*** Opening of DATA FOR THIS EXERCISE ***

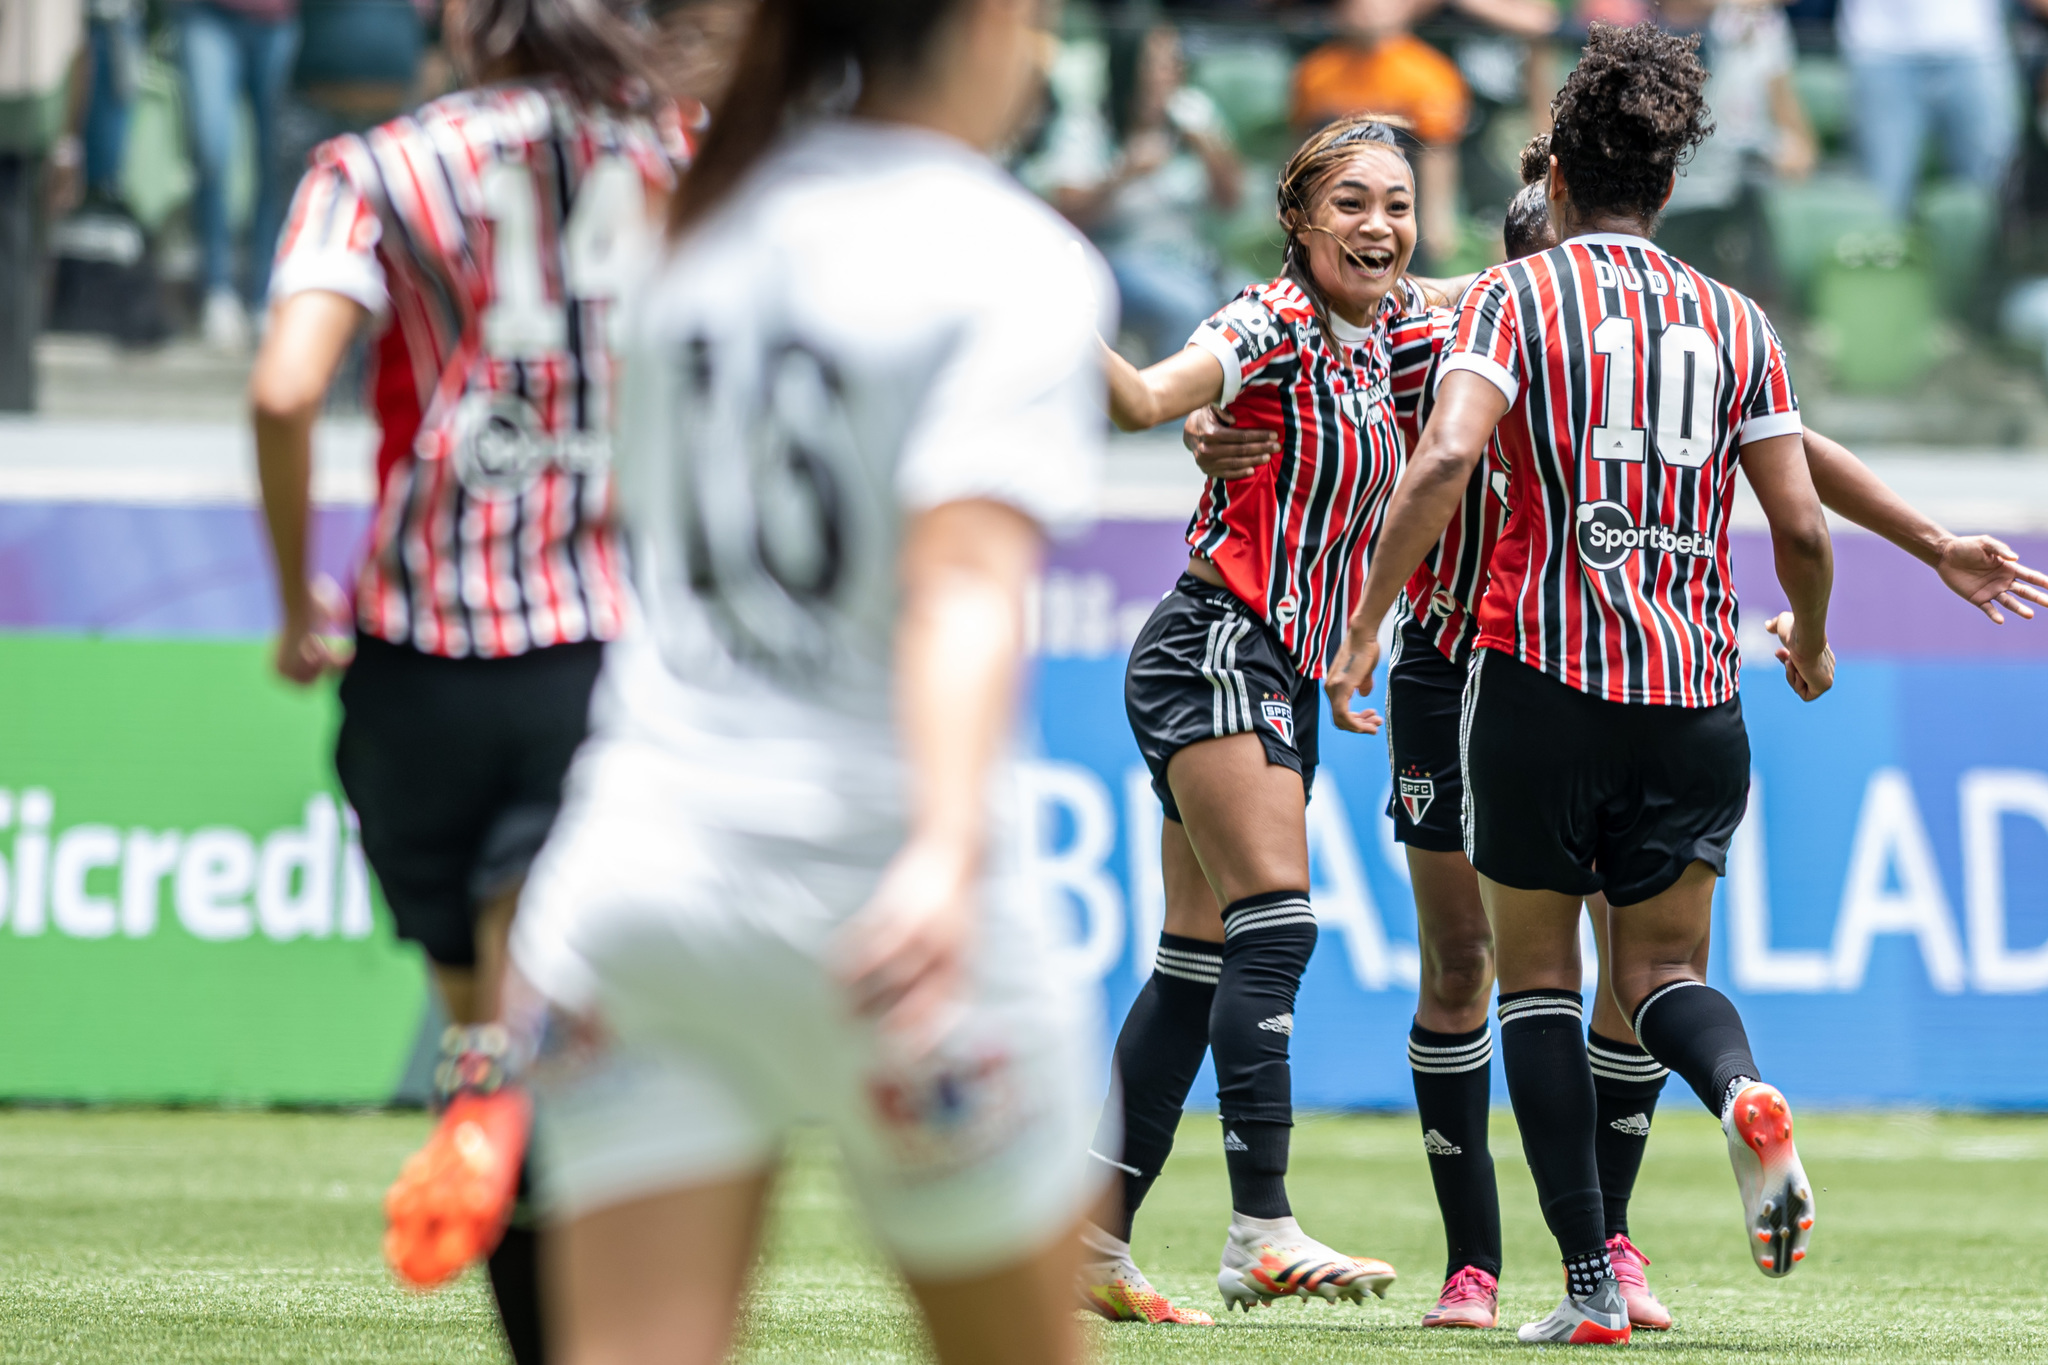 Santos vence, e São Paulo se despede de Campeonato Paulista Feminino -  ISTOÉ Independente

*** Close of DATA FOR THIS EXERCISE ***
*** Opening of DATA FOR THIS EXERCISE ***

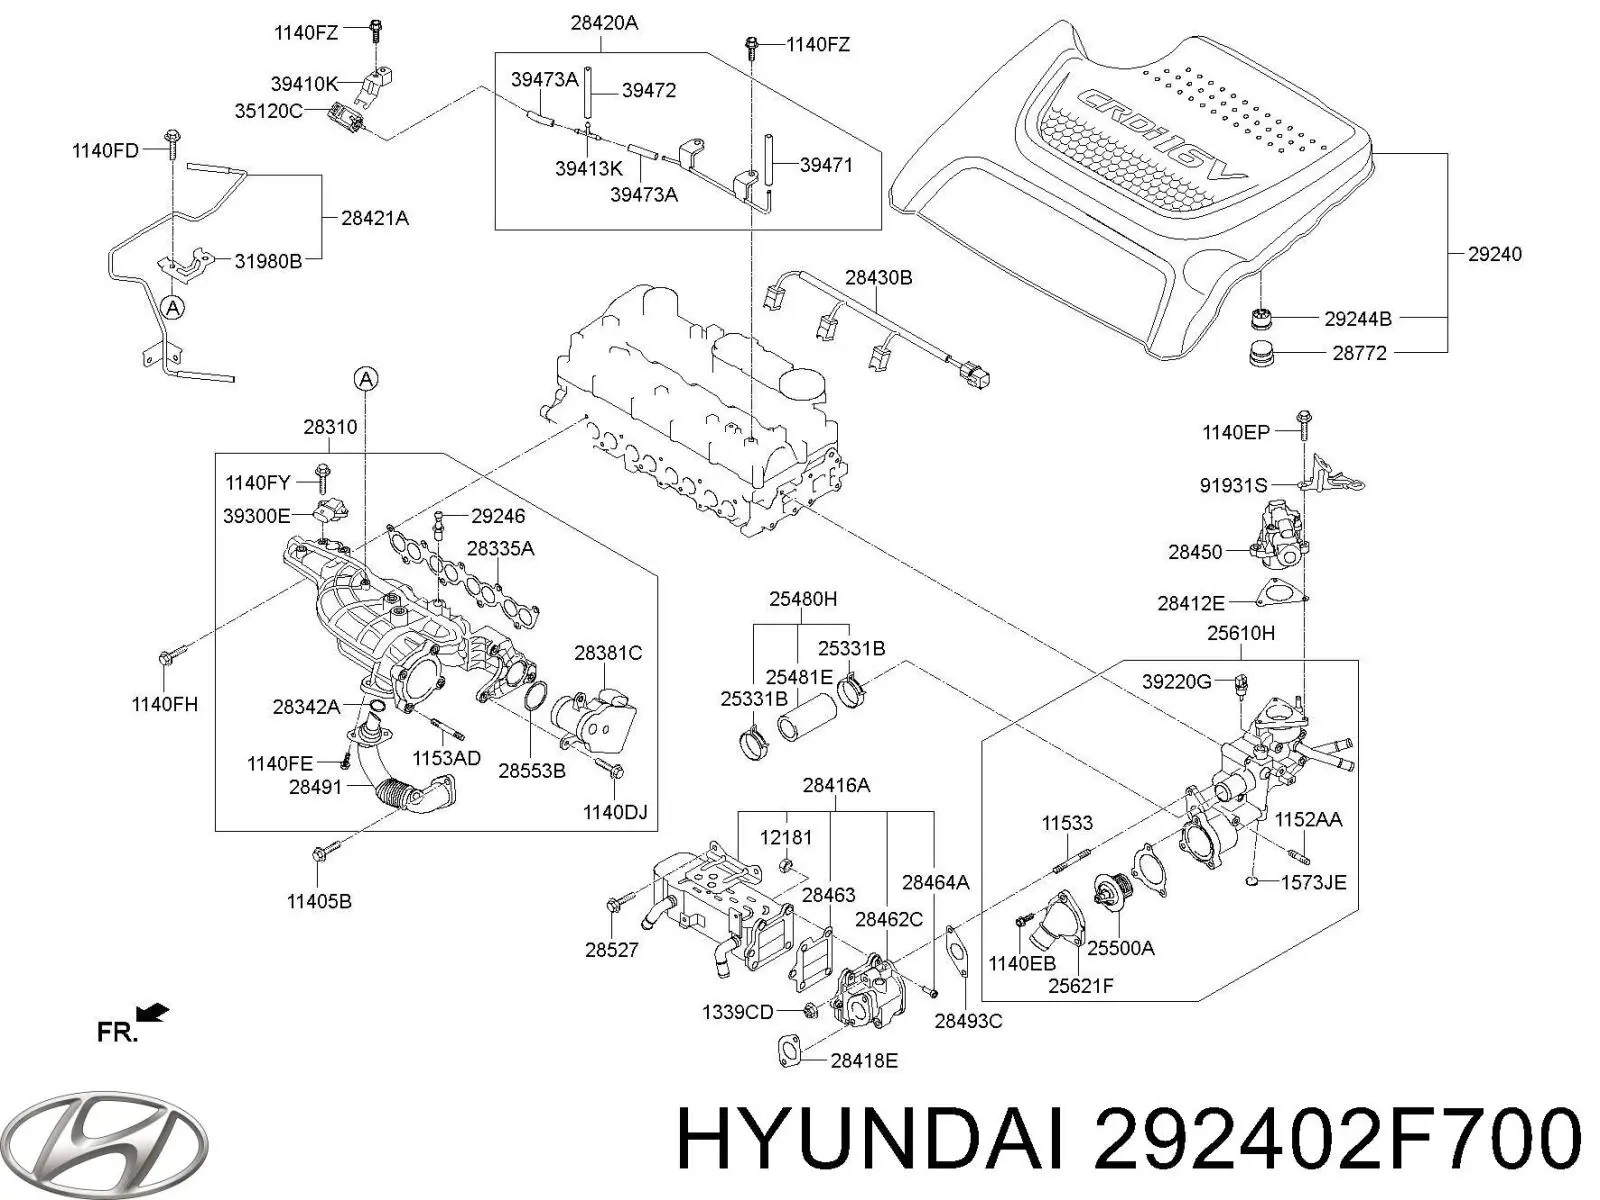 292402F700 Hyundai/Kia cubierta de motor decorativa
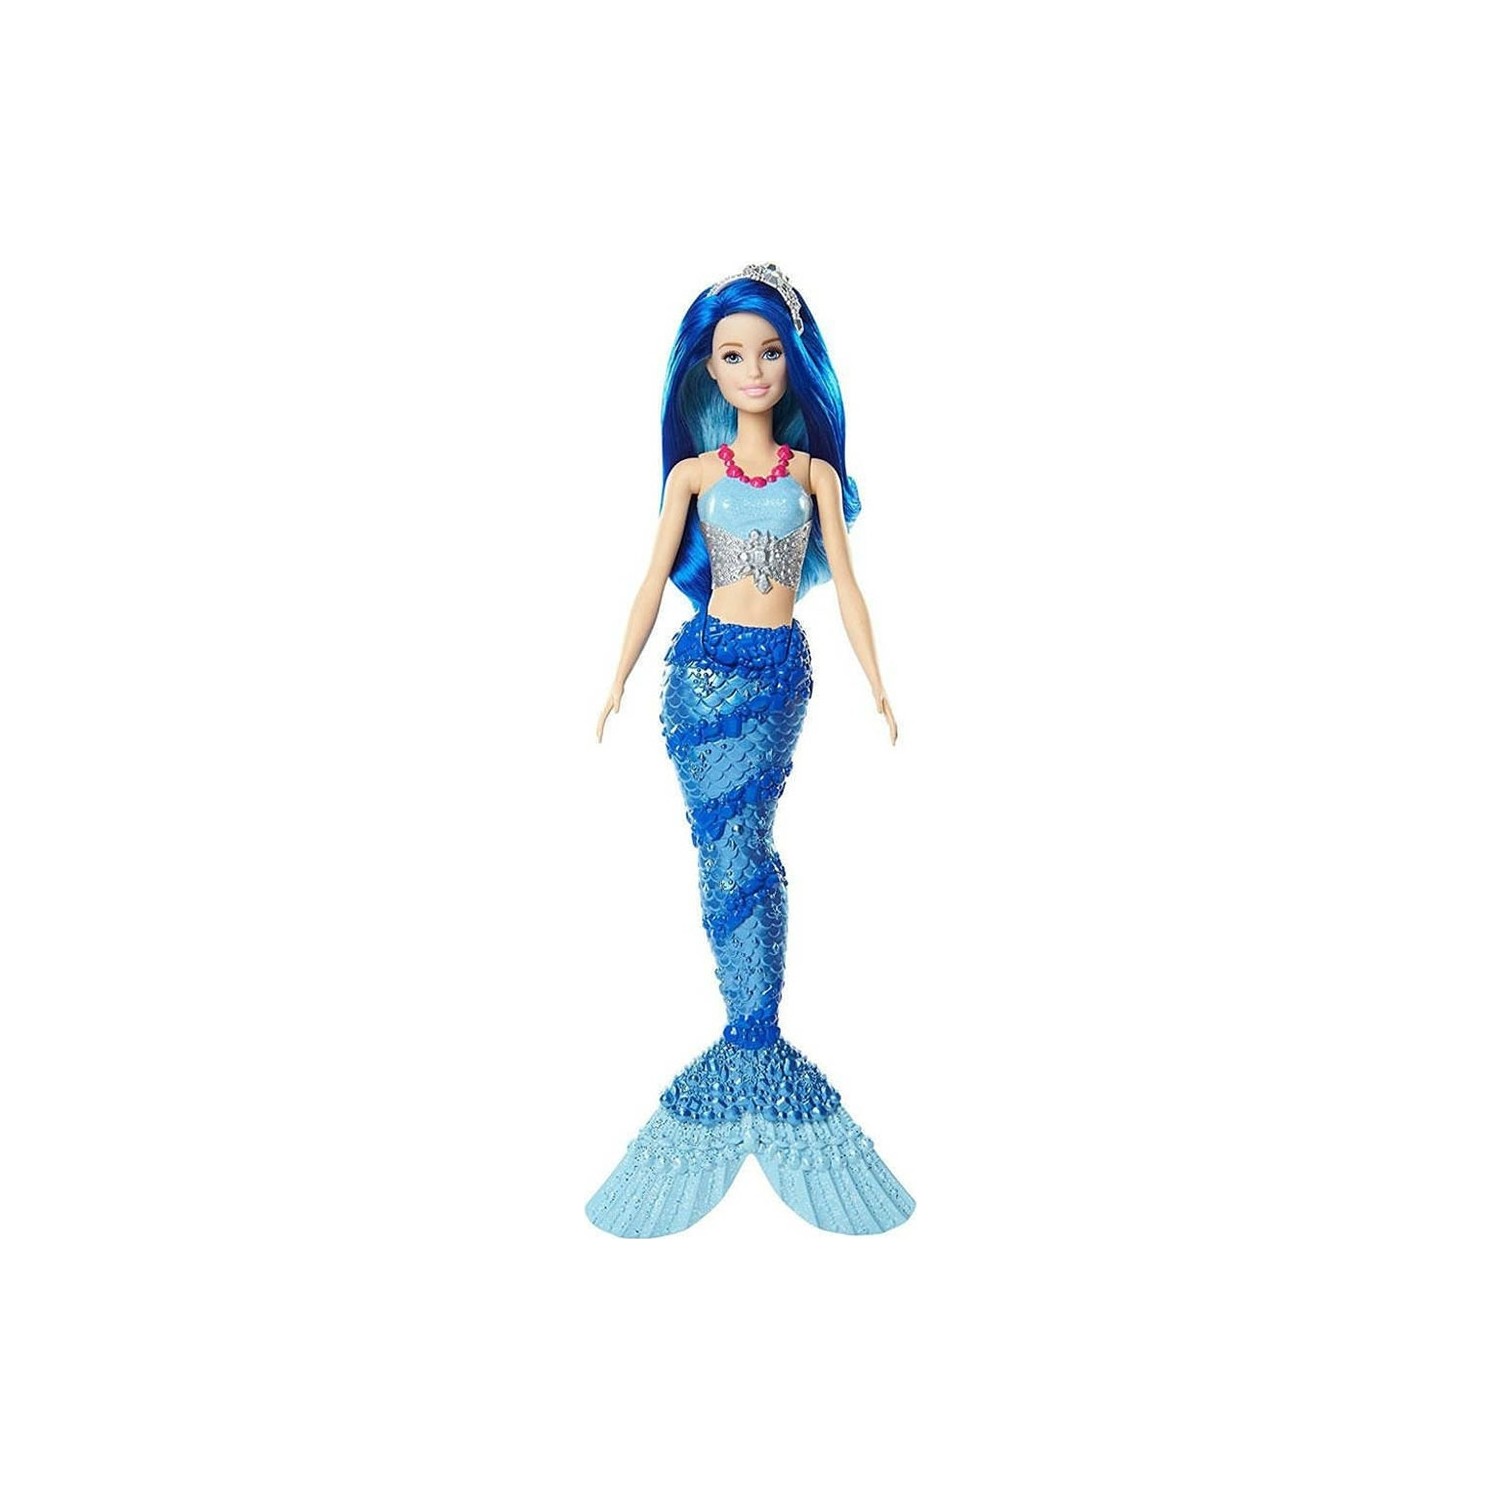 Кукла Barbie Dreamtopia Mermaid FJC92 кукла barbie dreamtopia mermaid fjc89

*** Close of DATA FOR THIS EXERCISE ***

WHAT IS REQUIRED.
Your reply should hold nothing but the lines above, from the one containing "292402F700 Hyundai/Kia cubierta" to the one containing "Кукла Barbie Dreamtopia Mermaid FJC92", reproduced exactly minus the pictures.

ANSWER AREA.
 292402F700 Hyundai/Kia cubierta de motor decorativa
 Кукла Barbie Dreamtopia Mermaid FJC92 кукла barbie dreamtopia mermaid fjc89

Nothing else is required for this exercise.